O rapaz que não olhava nos olhos até então conseguiu não olhar para outros olhos a não ser para aqueles
responsáveis por sua sina, cabeça baixa, quando, fisgado por um pé feminino,
instigado em saber de quem era o pé feminino, olhou medrosamente, e olhava
medrosamente, até que perdeu o fôlego por causa do olhar direcionado ao seu e
morreu, feliz, embora sua alma nunca fosse encontrada a fim de comprovar que
realmente morreu feliz. O olhar era da mulher pela qual se apaixonara e em quem
encontrara e encontrou, agora, um amor transcendente e mortal.

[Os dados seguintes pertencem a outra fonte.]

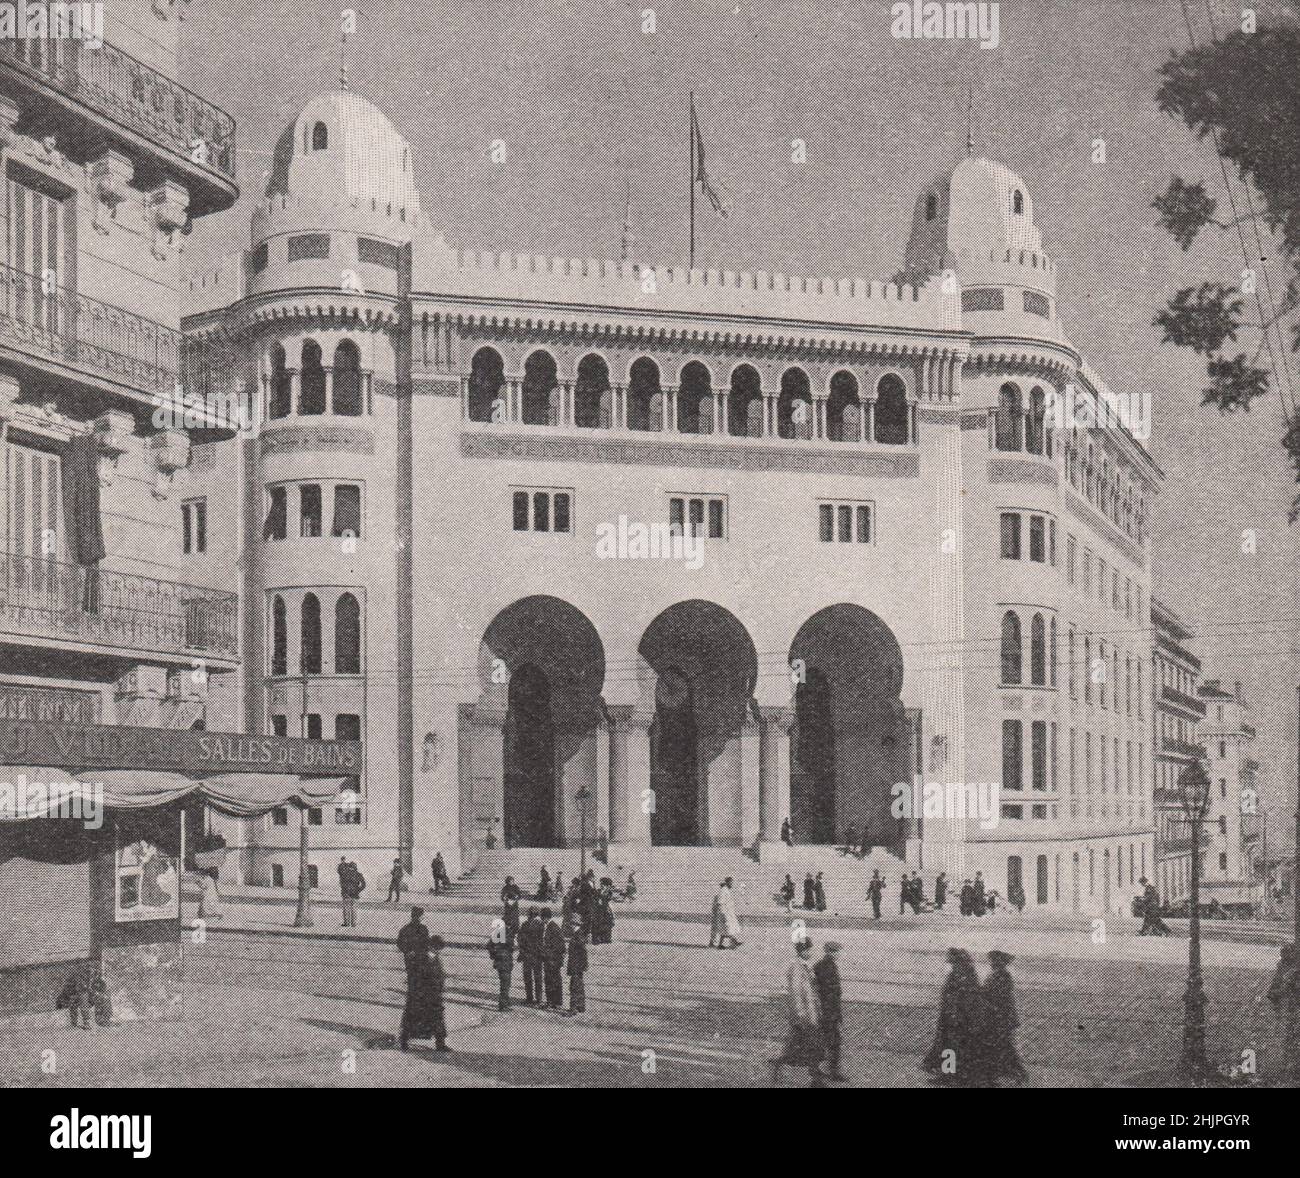 Kontrastierende Architekturstile in der Stadt Algier. Algerien. Barbary States (1923) Stockfoto

A criança que chorava muito cresceu e se transformou na menina
de semblante triste, que, por seu turno, se apaixonou, paixão genuína, pelo
surdo e seus olhos de gato. No
primeiro encontro, fizeram amor sob um ipê-amarelo, flores a cair no casal se
amando, e daí nasceu a garota que perdeu
a mãe. A menina de semblante triste
não se conformava: como podia o amor dela pelo marido, o surdo e seus olhos de gato, doer tanto? Todo amor dói? Como pode
duas pessoas se amarem tanto, até a anulação mútua? Como pode? Desiludida com
as respostas foi para a beira do mar, avistou uma gaivota lá longe, ínfimo
branco sobreposto ao azul infinito, sorriu, quão belo é o mundo, quão bela é a
vida, meu Deus, mas quão angustiante – e se jogou. As ondas a levaram, para
onde, se perguntava a filha, a garota que
perdeu a mãe, para onde, se perguntava o
marido, o surdo e seus olhos de gato.
Juntos, pai e filha, sempre unidos, se abraçaram até o fim da vida, chorando,
porém se compadecendo, se completando, até o fim da vida, se perguntando, para onde, quando morreram coincidentemente no mesmo instante,
como prometeram.
Enfim,
sozinho no mundo, aos cento e trinta anos, o
cego que bradava luz, pela milésima vez, o olhar ao alto, esbravejou com
toda a sua força: luuuz!!! A luz saiu do seu âmago. Voou. A luz era sua alma.